Com um plantel avaliado em 467,3 milhões de euros, o FC Porto, atual campeão nacional, optou por uma postura conservadora neste mercado de transferências. No Dragão, o mercado só começou verdadeiramente a aquecer a partir da transferência do jovem criativo Rodrigo Mora para a Roma. A partir daí, o FC Porto viu chegar reforços para todos os setores e ainda garantir a permanência de valores essenciais neste plantel, com Diogo Costa à cabeça. Saldo final (a poucas horas do fecho): os dragões fizeram 44 milhões de euros em vendas e gastaram 32,5 milhões de euros.
A Luz disse adeus a José Mourinho e abriu um novo capítulo com Marco Silva.

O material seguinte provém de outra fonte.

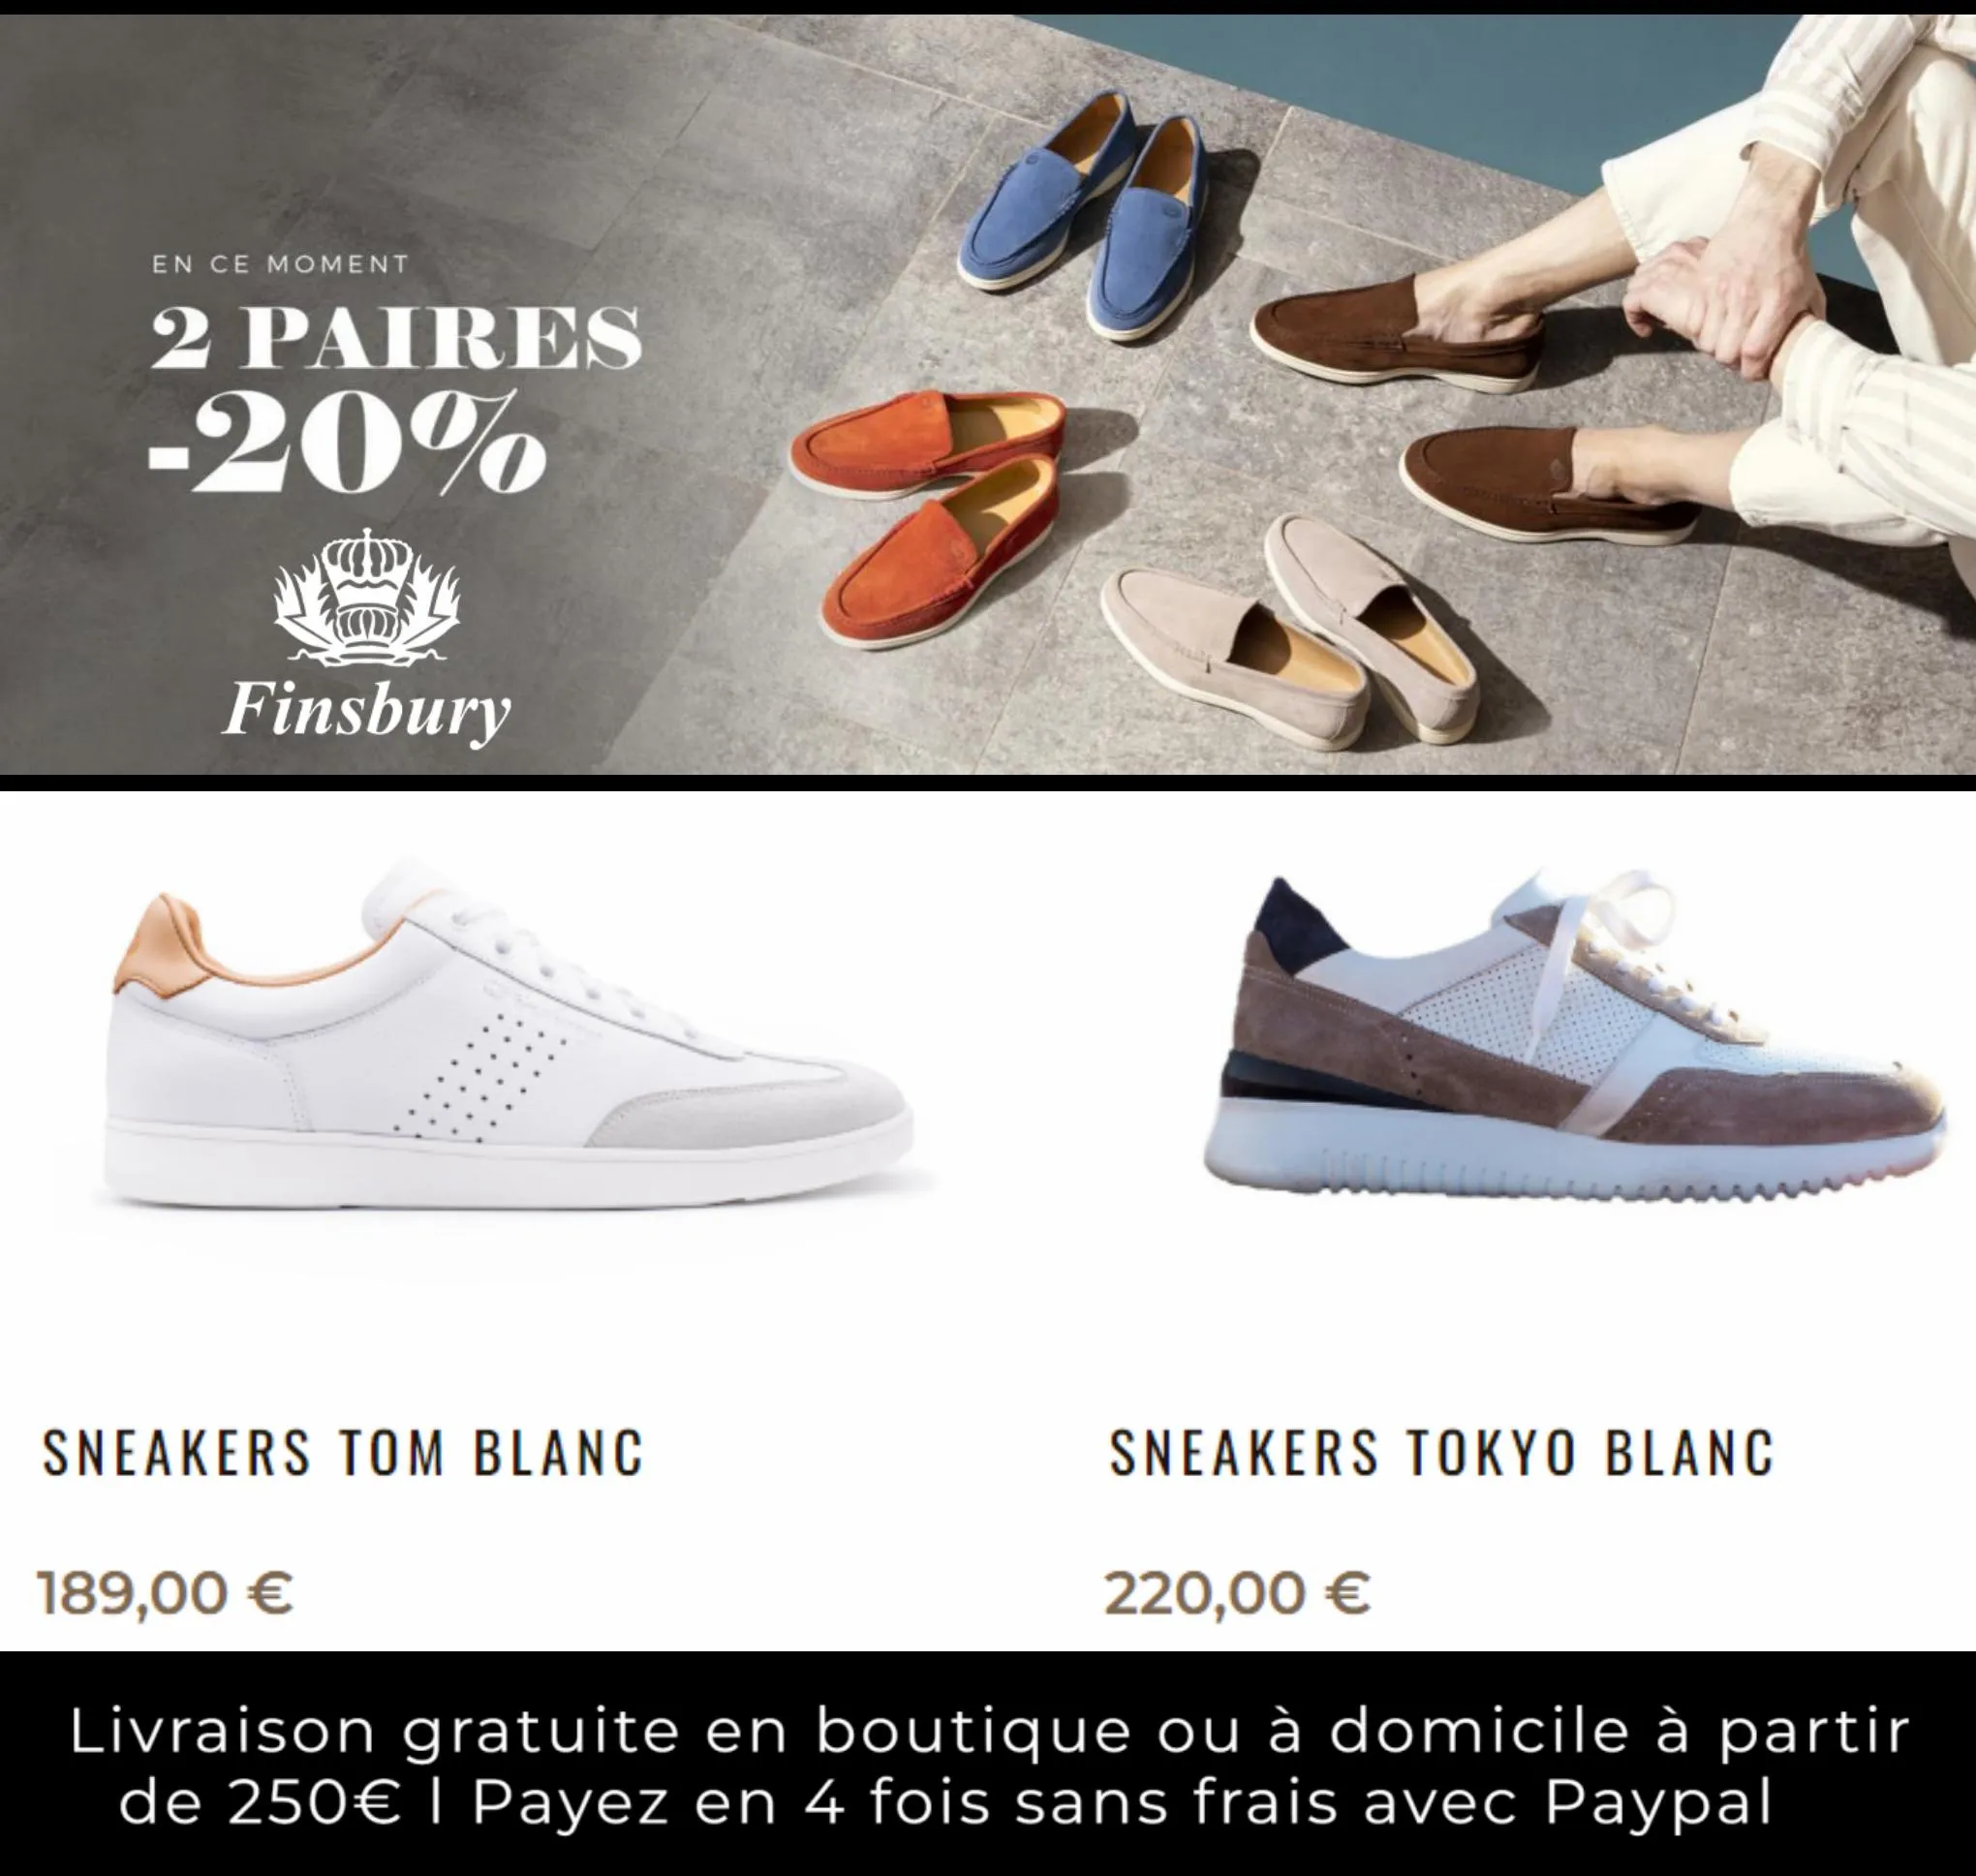 Catalogue 2 Paires -20%, page 00004

Do ponto de vista financeiro, o Benfica disse um “até já” à Liga dos Campeões e abraçou a Liga Europa, competição que não lhe vai garantir o fôlego que a “Champions” dá às contas dos clubes (pode ganhar até 20 milhões antes da bola começar a rolar mas os prémios não se comparam à principal competição da UEFA). A juntar a isso, as águias tiveram que suprir saídas importantes na defesa e assumir compromissos da época passada como a compra do passe de Sudakov e Barrenechea. O médio português João Palhinha é o rosto da mudança que o novo treinador quer imprimir no Benfica. A SAD da Luz obteve receitas de 128,4 milhões de euros, com a venda de Dedic a assumir grande importância no equilíbrio das contas, e gastou 85,2 milhões de euros na contratação de novos jogadores. O Benfica apresenta a segunda equipa mais valiosa em Portugal: 377 milhões de euros.

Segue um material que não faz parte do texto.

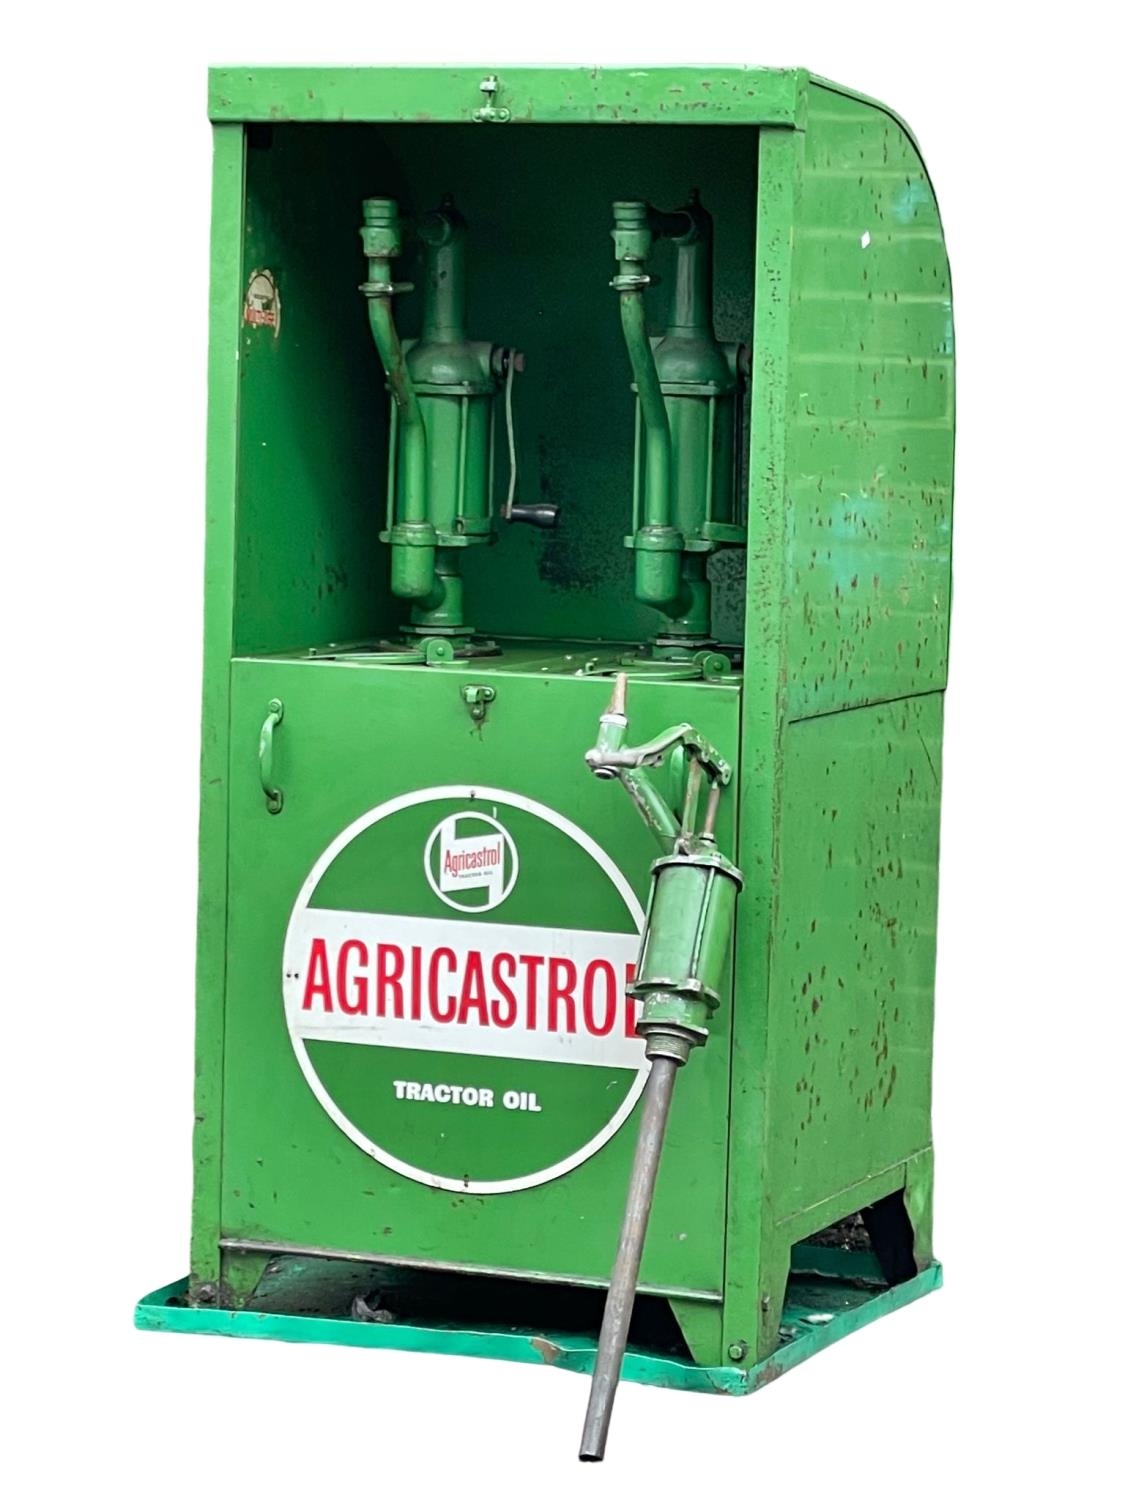 A large Agricastrol Tractor Oil dispenser 69x63x141cm.

O SC Braga também vai terminar este mercado no verde e com um recorde de vendas de 66,1 milhões impulsionado pela venda de dois jogadores na casa dos 30 milhões de euros: Hornicek e Ba. Nas compras, os bracarenses chegaram aos 36,2 milhões de euros com uma aposta em jogadores do mercado interno mas também com alcance na liga suíça e na Bundesliga. A contratação mais dispendiosa foi a do jovem médio Tommy Marqués ao Barcelona por 11 milhões de euros. O plantel à ordem do espanhol Carlos Vicens está avaliado em 151,8 milhões de euros.

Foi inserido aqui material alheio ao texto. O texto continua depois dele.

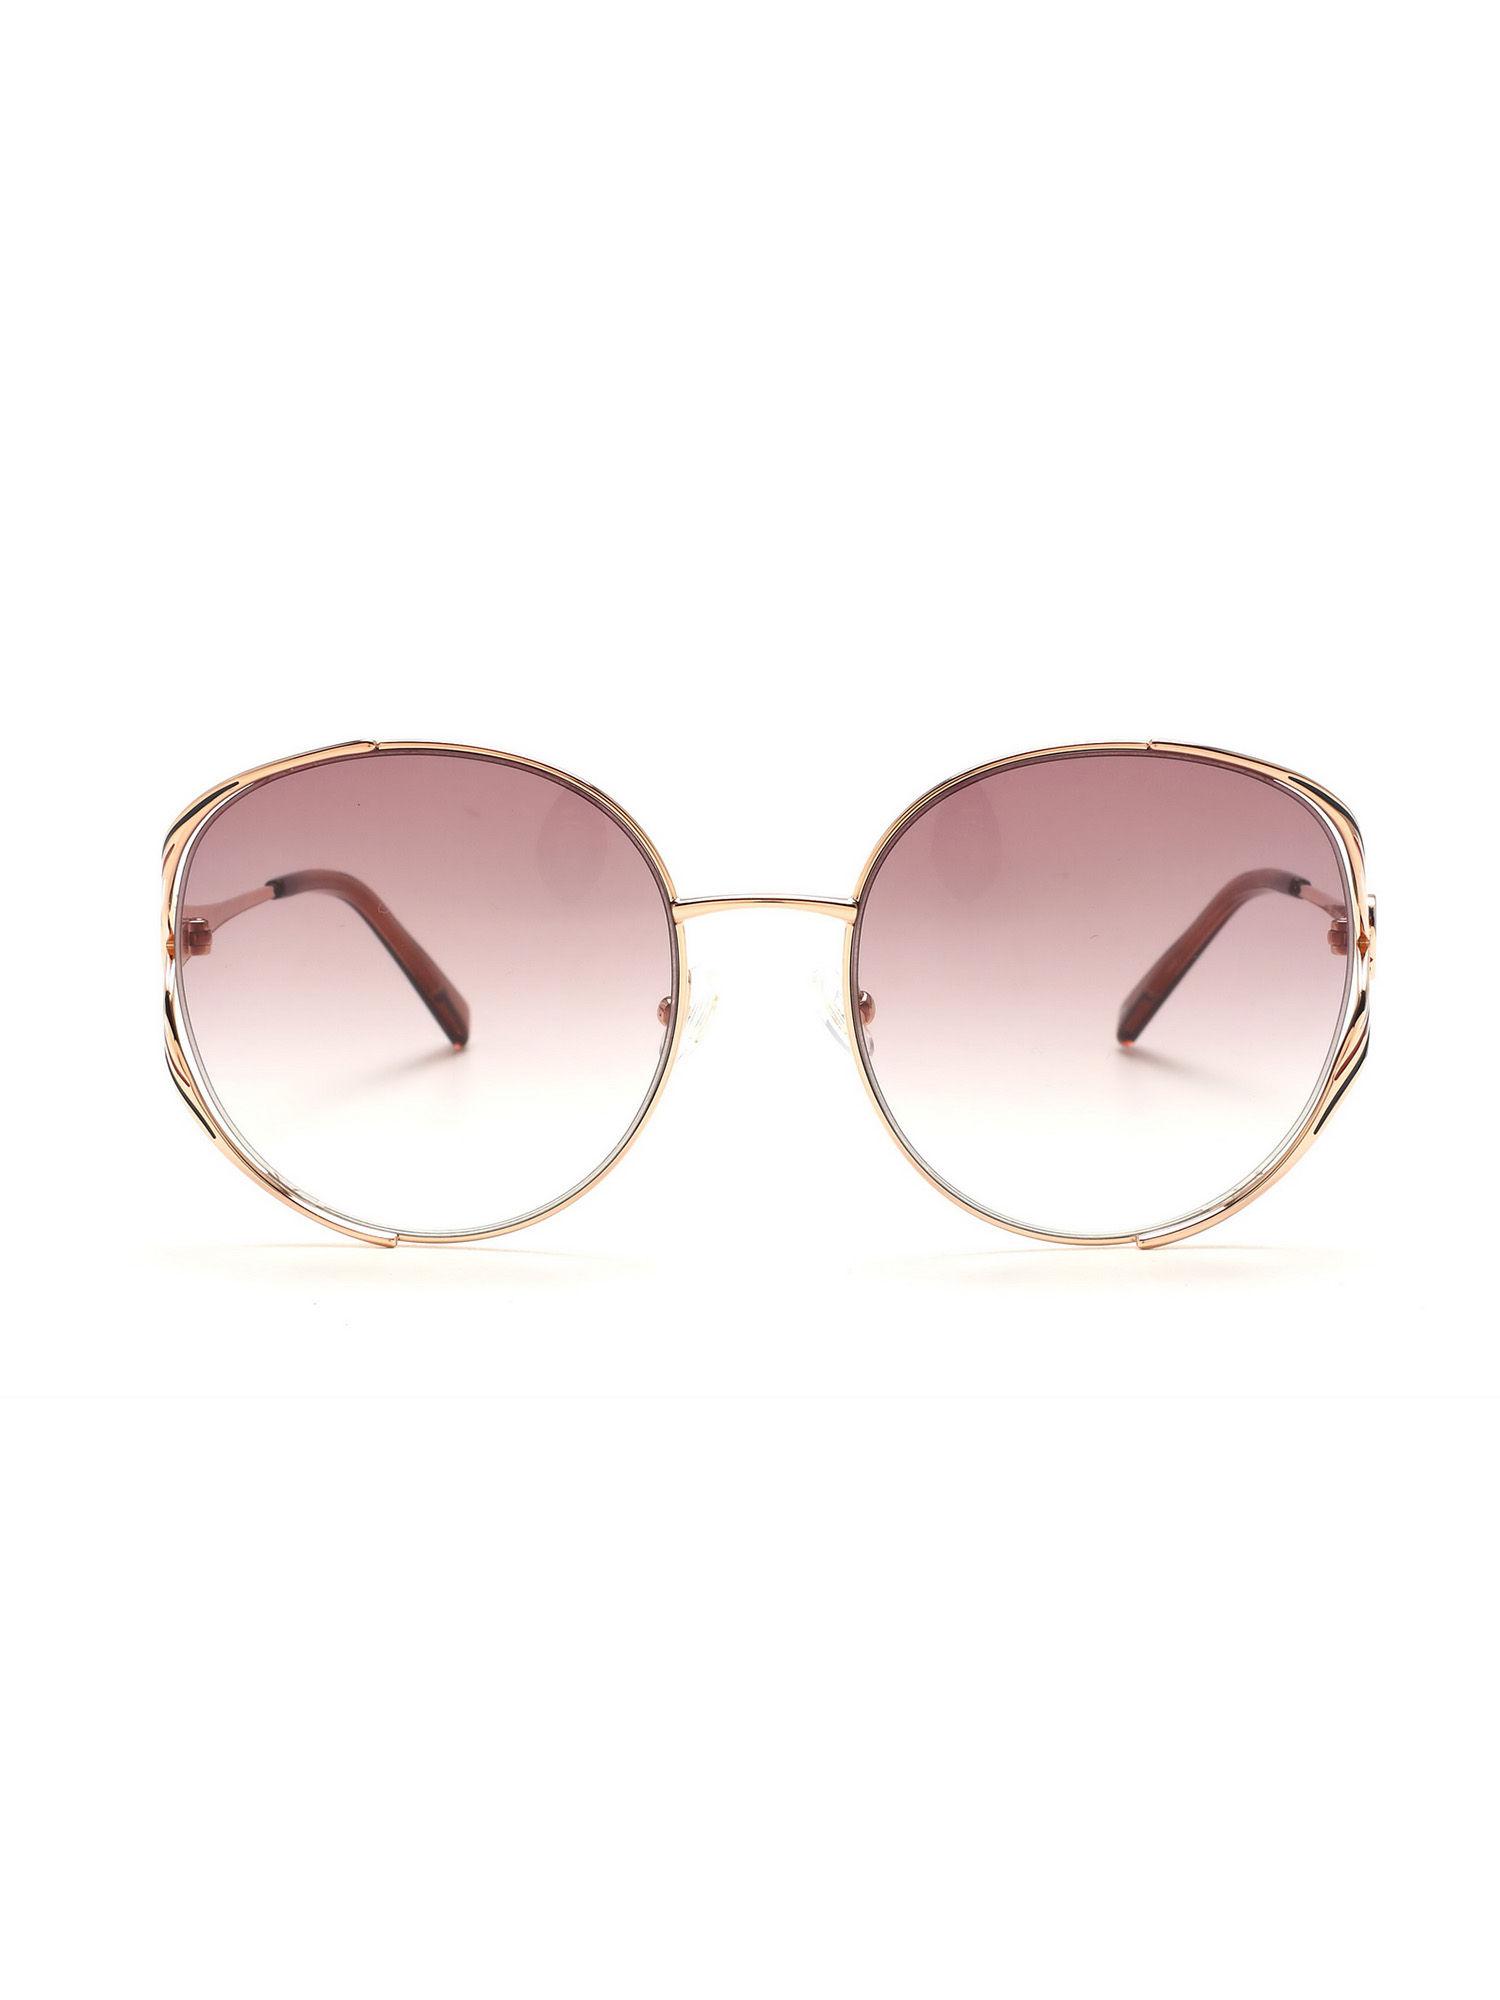 pink-round-sunglasses-full-rim-rose-gold-frame-with-gradient

Um português de 100 milhões
O top10 das transferências mais avultadas desta janela de mercado é dominado por clubes ingleses e só o Real Madrid se conseguiu intrometer no reino dos milhões em que está transformada a Premier League. Curiosamente, há um médio português a colocar-se nesta lista de bilionários com uma transferência de quase 100 milhões entre clubes ingleses e um médio argentino que já passou por Portugal a bater todos os recordes de movimentações na Liga Inglesa. O português é Mateus Fernandes: o médio de 22 anos formado no Sporting saiu de Alvalade por 18 milhões de euros em 2024 e apenas dois depois quintuplicou o valor ao ser transferido por 99 milhões do West Ham para o Tottenham. Assim, o médio ocupou a sétima posição entre as dez transferências mais valiosas deste defeso. A tabela é liderada por um médio que esteve no Benfica: o argentino Enzo Fernández trocou o Chelsea pelo City a troco de 145 milhões e ditou uma tendência nesta lista já que sete das dez maiores vendas deste verão aconteceram entre clubes ingleses. Entre aquelas que envolveram outras ligas, há outro português envolvido: José Mourinho, que regressou ao Real Madrid, pediu aos merengues que avançassem para a contratação do extremo costa-marfinense Yan Diomande ao RB Leipzig. O resultado cifrou-se numa das contratações mais caras da história dos madrilenos: 125 milhões.